I see both sides of the coin with opposite sex friends. The other night, a male friend called me because he's intimidated by a woman he's dating LOL It was a ridiculous conversation that I cut short, and the whole time, my husband was right there--- adding advice.

I think if things are hidden, it's a problem.

I think if the friendship starts to take priority, it's a problem.

I think if you share things with the friend that you don't share with your spouse, it's a problem.

I don't talk about my marriage to my male friends. They talk to me about their gfs....I will not talk to married men alone. No matter what.


----------



## meson (May 19, 2011)

that_girl said:


> :rofl:
> 
> I see both sides of the coin with opposite sex friends. The other night, a male friend called me because he's intimidated by a woman he's dating LOL It was a ridiculous conversation that I cut short, and the whole time, my husband was right there--- adding advice.
> 
> ...


This is a good set of boundaries. In addition both spouses need to agree on what these boundaries are and what is and is not good to talk about. Then there needs to be transparency so that if things get out of hand it's noticed by the spouse. 

The real risk is that the friendship becomes so rewarding that it triggers dopamine and other neural transmitters that you become addicted to. Then you begin escalating contact and intimacy sometimes without even realizing it. This is often easier for a spouse to see then the people involved. One should step back every so often and takes a real look at ones actions to verify that they really are not going beyond the friendship level. If you are not able to be honest with yourself then oposite sex friends are not a good idea.


----------



## Trenton (Aug 25, 2010)

Amp...too funny!

In the TAM movie I want to be played by Rosie O'Donnel to really drive home my hard nosed views.


----------



## TimeHeals (Sep 26, 2011)

I want to be played by the drill seargent in this video:

GEICO - Sarge - YouTube


----------



## Conrad (Aug 6, 2010)

Trenton said:


> Amp...too funny!
> 
> In the TAM movie I want to be played by Rosie O'Donnel to really drive home my hard nosed views.


She's really convincing.


----------



## realitybites (Oct 12, 2011)

I'll thrown in my 2 cents worth. It always seems to come back to the strength of the marriage, openness, and situations. I guess if my marriage were strong and healthy, I don't suppose I would have any issue with my wife having men friends. However, I would hope that she would include me in that friendship and that I would get to know him as well and even make a good friend.

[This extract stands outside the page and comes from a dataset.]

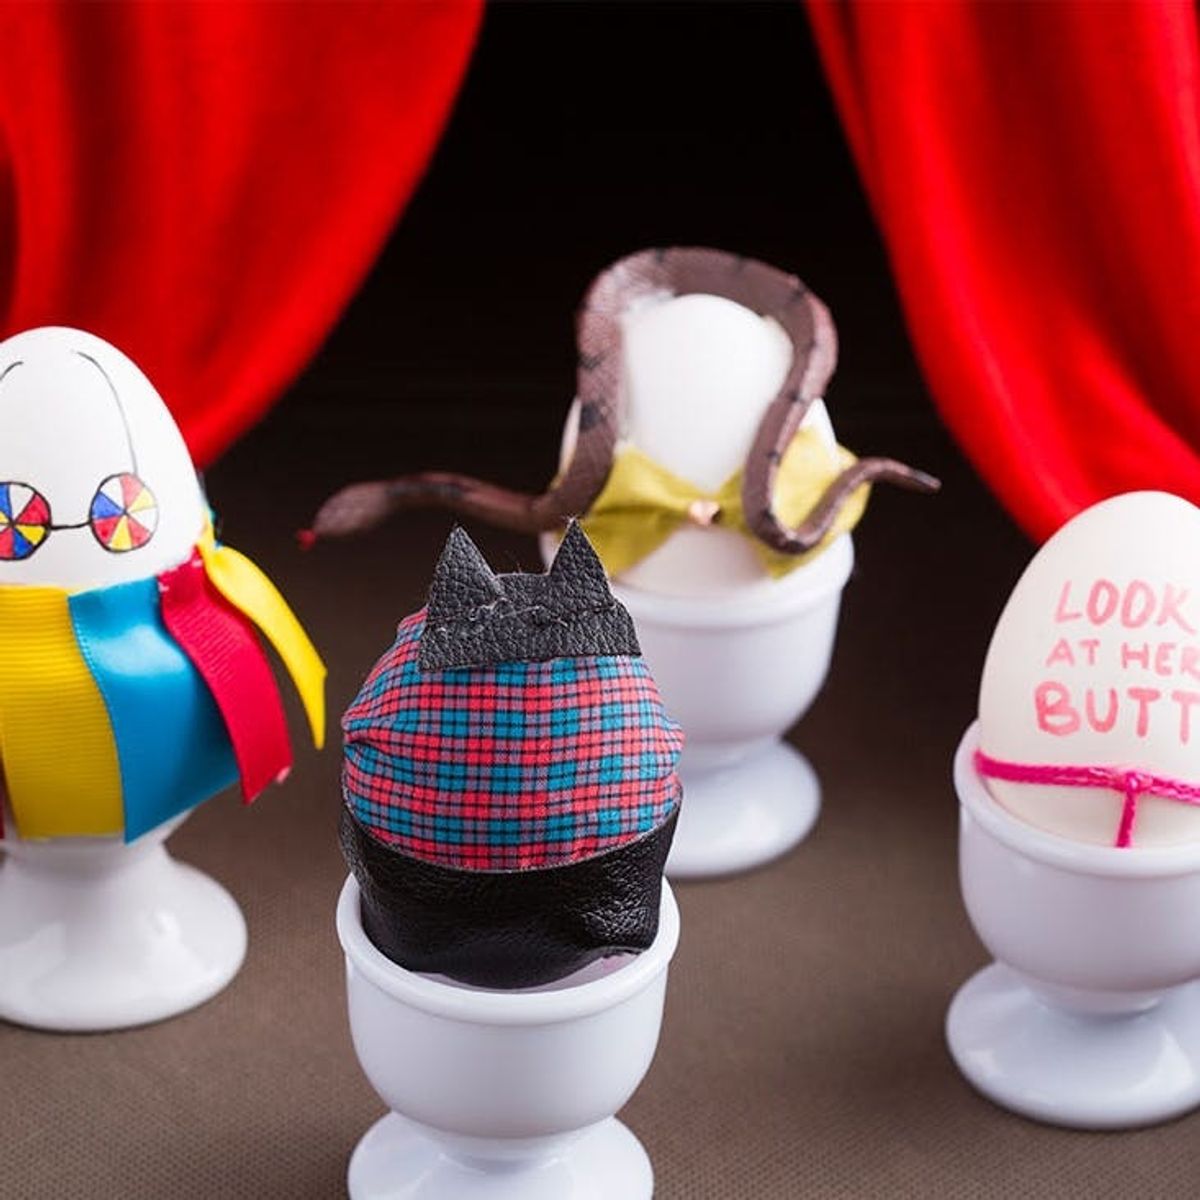 Can You Guess Which Pop Stars These Easter Eggs Are Dressed Up As?

I would also hope the opposite would be true. And I don't think whether that friend is married makes much of a difference (maybe some but not completely). I am assuming here that if the marriage is strong and healthy, that the wife or husband would have the desire to ensure that their own interactions with that person is healthy and not damaging to the marriage. And the more open and honest and inclusive you are with your spouse about your opp sex friend, then I think it can work.

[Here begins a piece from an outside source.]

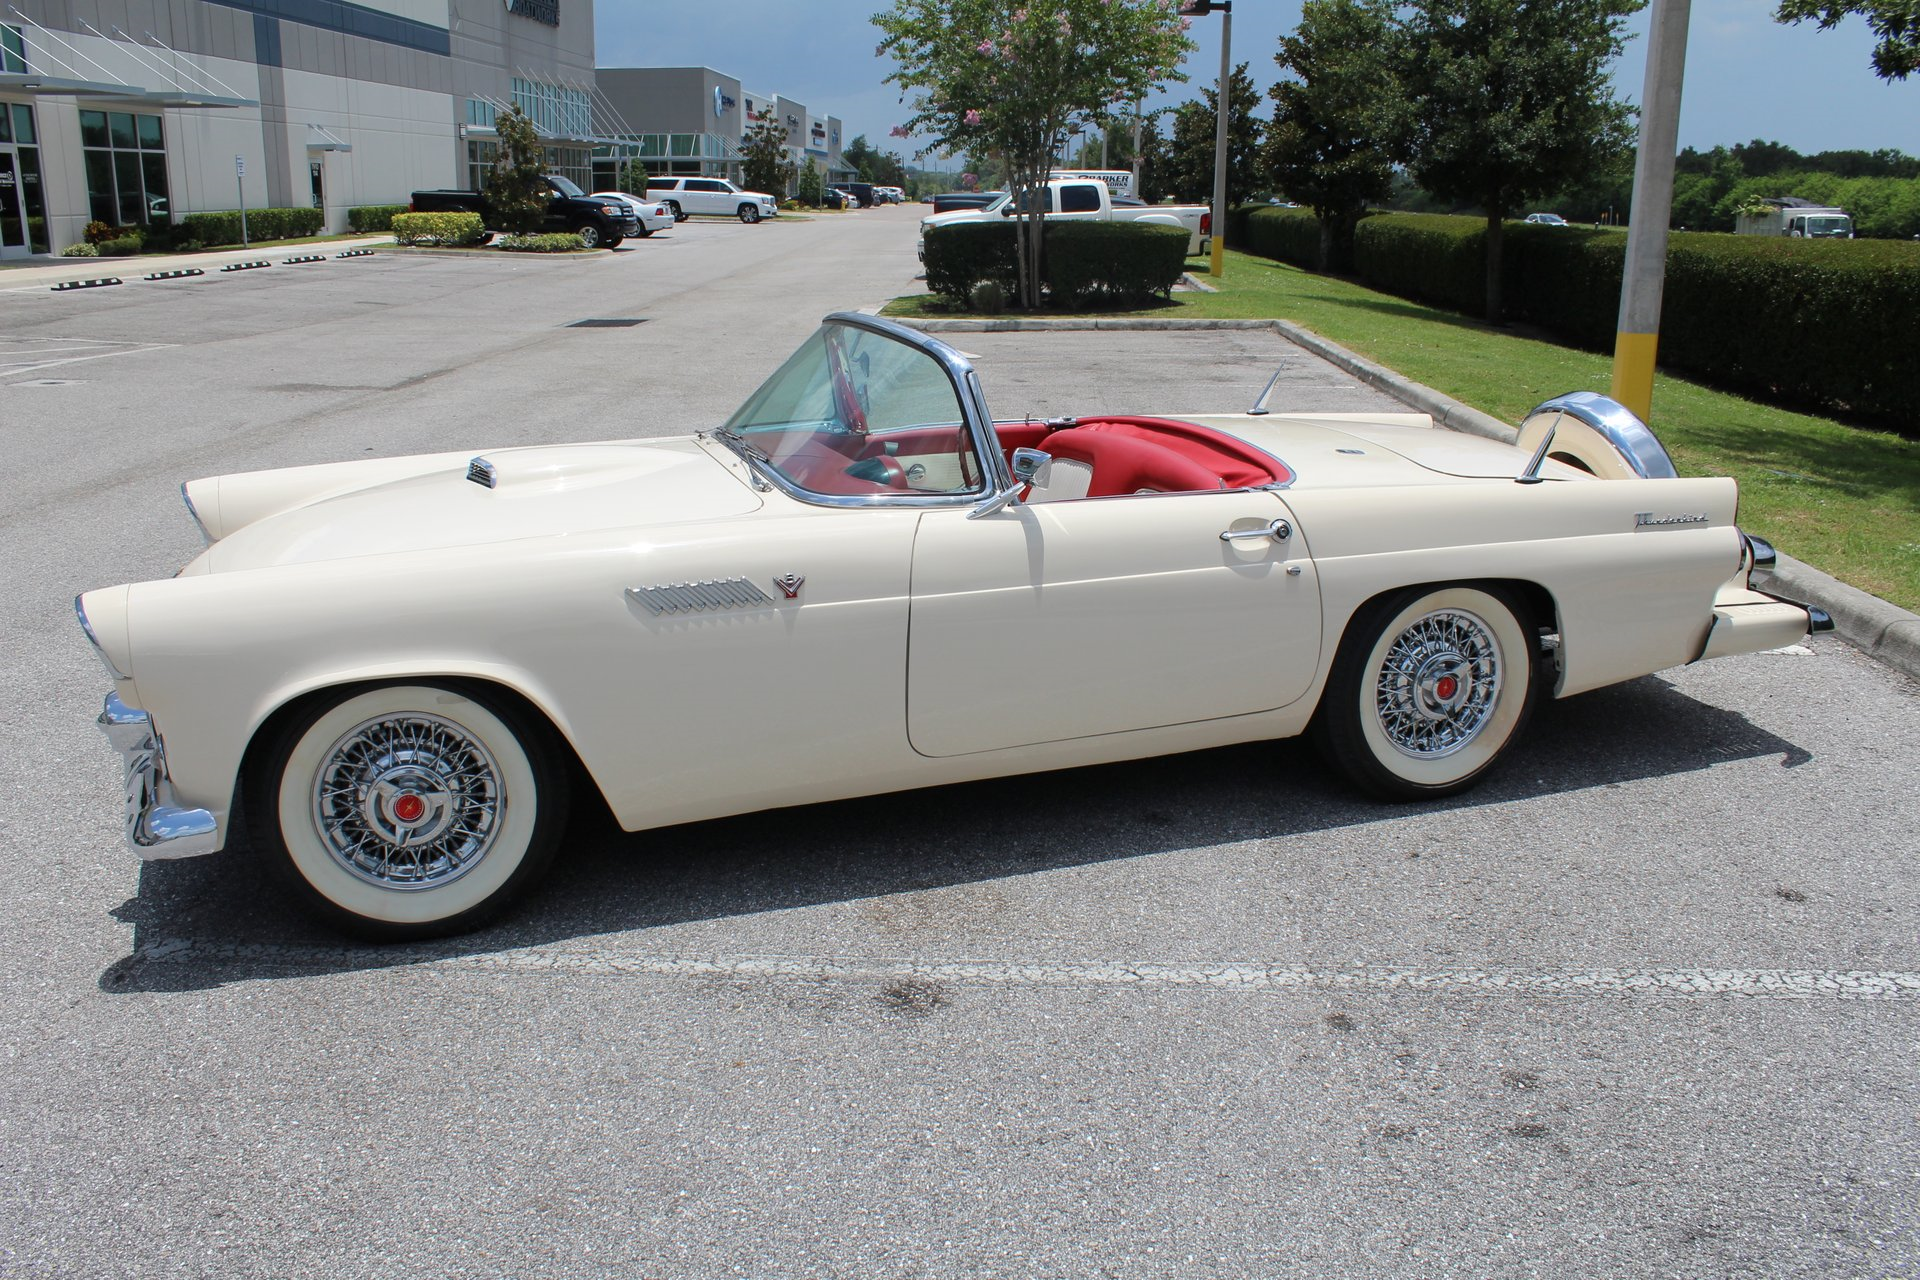 Car Of The Day: 1955 Ford Thunderbird

But the minute that things are kept hidden that's where the trouble can begin. And I say this to both sides! If she were to start spending more time with the guy than me, or I with another woman, that should be huge red flags. And especially when the trials of marriage come, then the door of temptation is wide open! It's so easy to confide in that friend about your martial troubles, and whether you meant to or not, something can develop there, even without you realizing it.

At least in my situation, if my wife wanted to come back to me, I would have severe trust issues with her and any friendships involving men.

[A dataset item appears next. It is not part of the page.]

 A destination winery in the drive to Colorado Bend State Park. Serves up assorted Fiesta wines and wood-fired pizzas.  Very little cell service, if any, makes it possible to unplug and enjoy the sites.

But I suppose since I need to generalize, if the marriage is strong and healthy, then opposite sex friends CAN work.


----------



## TimeHeals (Sep 26, 2011)

realitybites said:


> But I suppose since I need to generalize, if the marriage is strong and healthy, then opposite sex friends CAN work.


I think you should read up on healthy, appropriate boundaries in a marriage:

Affair Prevention: What are appropriate boundaries for Marriage? - beyondaffairs.com


----------



## bubbly girl (Oct 11, 2011)

I asked my husband this question a while ago and he said he knows how men think and absolutely no. Being a woman, I have no idea what or how men think about women except what I'm told so I trust what my husband says. He knows men better than me!


----------



## realitybites (Oct 12, 2011)

TimeHeals said:


> I think you should read up on healthy, appropriate boundaries in a marriage:
> 
> Affair Prevention: What are appropriate boundaries for Marriage? - beyondaffairs.com


That's probably one of the best things I've read on the subject (not that I've read much). But it seems to be spot on.


----------



## Kobo (May 13, 2010)

TimeHeals said:


> I think you should read up on healthy, appropriate boundaries in a marriage:
> 
> Affair Prevention: What are appropriate boundaries for Marriage? - beyondaffairs.com


"Couples need to be realistically aware of the fact that our marriages are all vulnerable to affairs"

This is the most important line in that article. Once you realize that you do things to help prevent even the temptation from creeping in.


----------